Lady Bracknell is the total antagonist of the play. She is Gwendolen’s mother. Also, she is Algernon’s aunt who is described as snobbish, mercenary and domineering. This lady is a strongly oriented matriarch person; she doesn’t even understand that lead herself as a tyrant, she strongly believes money is more important than breeding and bullies everyone in her path. She is cunning, narrow-minded, authoritarian, and possibly the most quotable character in the play.
This lady is a disaster who blocks all marriages and all love in the book. Is it because of her love failure? Fortunately (or unfortunately, judge by yourself) her marriage was a happy one, and that is why her primary goal in life was to give the same happy love and life to her daughter and nephew. She prepares a list of eligible men in town for her daughter and even made interviews to get to know them better. Her humor in speeches she likes to give, as like her nephew, is unintentional.

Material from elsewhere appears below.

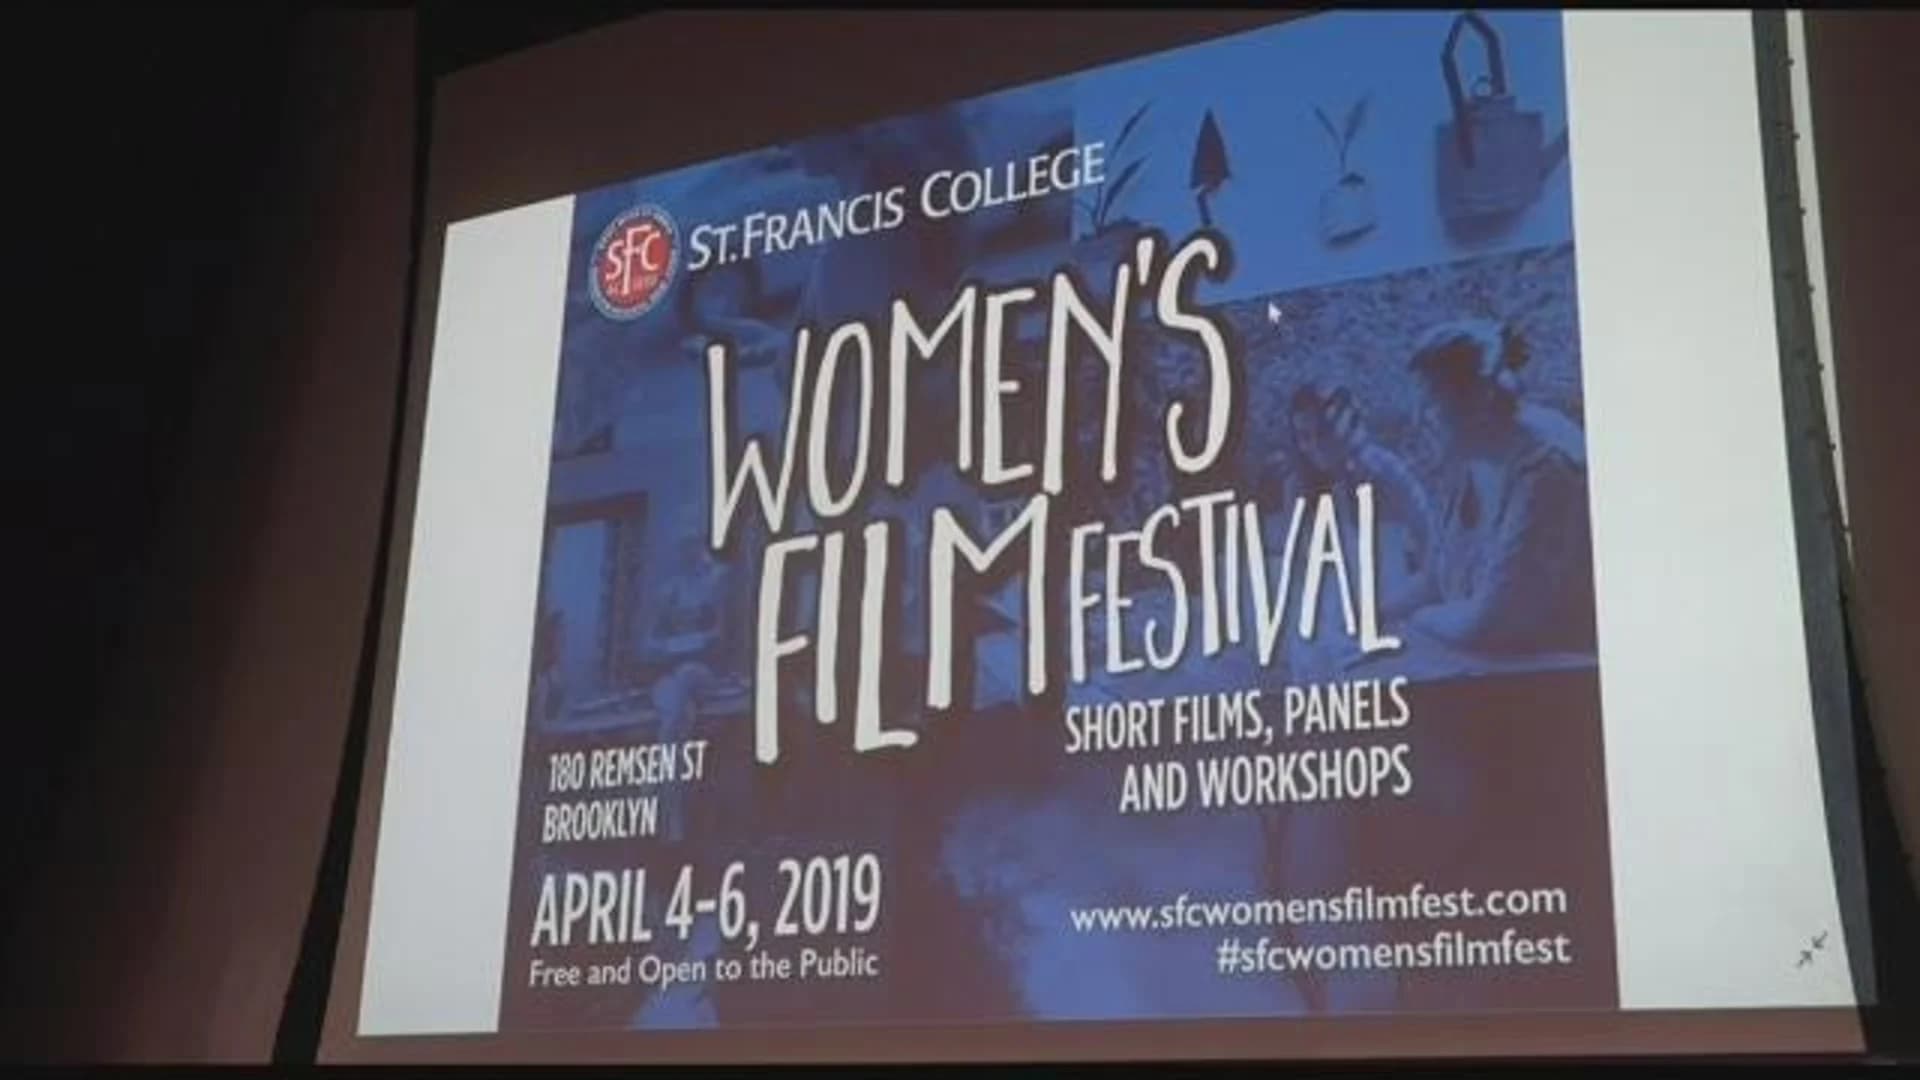 Women’s Film Festival wraps up at St. Francis College

Nevertheless, in this book, she is a typical representative of Victorian classism. The perfect symbol of Victorian earnestness. Through the figure of Lady Bracknell, author of the text shows in a satirical way the hypocrisy and stupidity of the British aristocracy. There always had to be some evil that has power but no heart. She doesn’t want Gwendolen to marry Jack when she finds out he is an orphan. Oh, those prejudices are such awful stuff. Also, she dislikes Cecily as a mate for her nephew, Algernon. Till what period? Right to that moment when she discovered that Cecily is rich. Only after that, she says that she is such a good and cute girl who totally matches her nephew. Is there somewhere bigger insincerity than in that episode? She is a mother of insincerity.
Lady Bracknell values ignorance, which she sees as “a delicate exotic fruit.” We even suppose that she didn’t love her husband. Just imagine a situation – when she gives a dinner party, she prefers her husband to sit downstairs and eat with the servants.